During ICSI, number of oocytes estimated by TVS as preovulatory follicle count (PFC) is the strongest predictor of number of oocytes obtained during oocyte pick up.17 In our study although the number was high in group II, yet turned out to be a negative predictor of FR. Basal FSH (done on the day 2 or 3 of the cycle)although is considered as reflector of OR cannot predict ART outcome due to inter cyclic variability.18,19 We observed that it was a negative predictor of FR. E2 produced during follicular phase of female reproductive cycle improves endometrial receptivity for implantation of blastocyst.17 Good number of oocytes and high E2 measured on the day of hCG administration reflects response and pregnancy outcome that has been subject of debate by a number of researchers.20,21 In a previous study our group reported that females with higher peak E2 had greater number of retrieved, mature and fertilized oocytes with increased FR and IR.16 In this study, peak E2 turned out to be a negative predictor of FR in patients of unexplained infertility.

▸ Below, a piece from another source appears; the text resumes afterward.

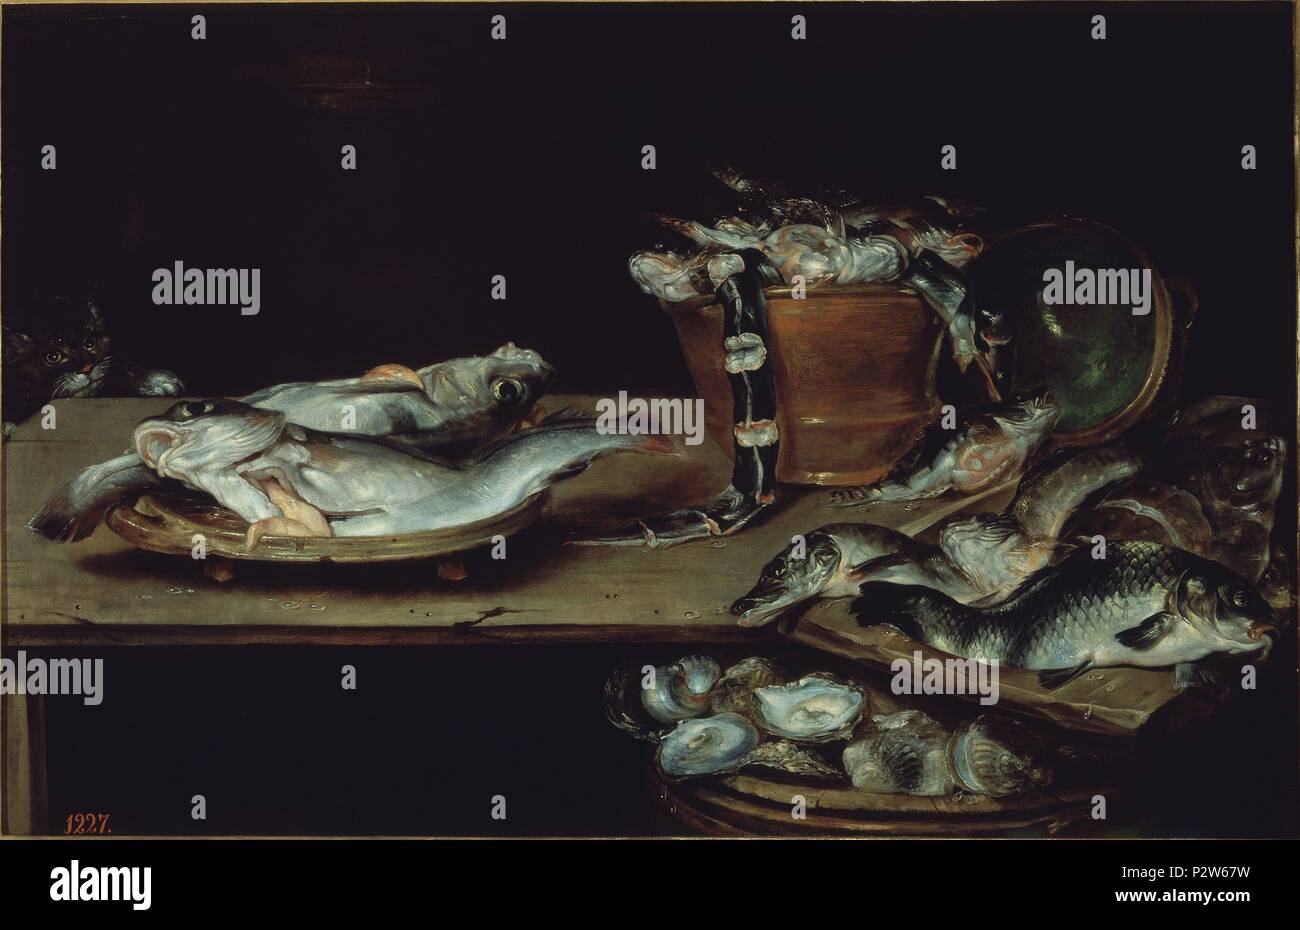 Still Life with Fish - 17e siècle - 60x91 cm - Huile sur toile - École flamande - NP 1341. Auteur : Alexander van Adriaenssen (1587-1661). Emplacement : Museo del Prado-PINTURA, MADRID, ESPAGNE. Aussi connu sous : BODEGON : MESA CON PESCADOS, OSTRAS Y UN GATO. Banque D'Images

The P concentrations measured on the day of hCG administration were higher in females with decreased FR. It can be explained on the basis of its role on ovarian follicles, with adverse effects on oocyte maturation, fertilization or early cleavage.22 The premature luteinization that occurred in our study population decreased the pronuclei formation(FR). Our results are in accordance with a study by Hill et al. in which serum P levels were not proved to be markers of oocyte and embryo quality, and better fertilization rate.23

It is documented that fertilization of oocytes involves complex series of events requires growth, development and cytoplasmic maturation of oocytes microinjected with spermatozoa.10 The role of cytokines is well established for pre-implantation embryo development, protection of embryo, endometrium sustenance, successful implantation and positive pregnancy outcome by increase in expression of adhesive protein integrins at the implantation site in the endometrium.24 In our study, we observed that IL-I β took part in fertilization of oocytes. The association of IL-β with fertilization results is supported by Zollner et al. however they measured intrafollicular levels of this cytokine.25 With the existing knowledge of FR as predictor of implantation we may forecast results of implantation in unexplained infertility cases (failure of fertilization is the main reason of failure after ICSI) by looking into all variables that affect FR.

CONCLUSION

The FR in females with unexplained infertility was not dependent on number of oocytes, basal FSH, LH and prolactin, neither was dependent on peakE2 and P hormone levels. IL-I β helped in events that caused fertilization of oocytes.

RECOMMENDATIONS

Detection of intrafollicular cytokine profiles like IL-I β,-IL-8, IL-12 andIL-18 as prognostic markers for oocyte fertilization and embryo quality can help in prediction of success after ART.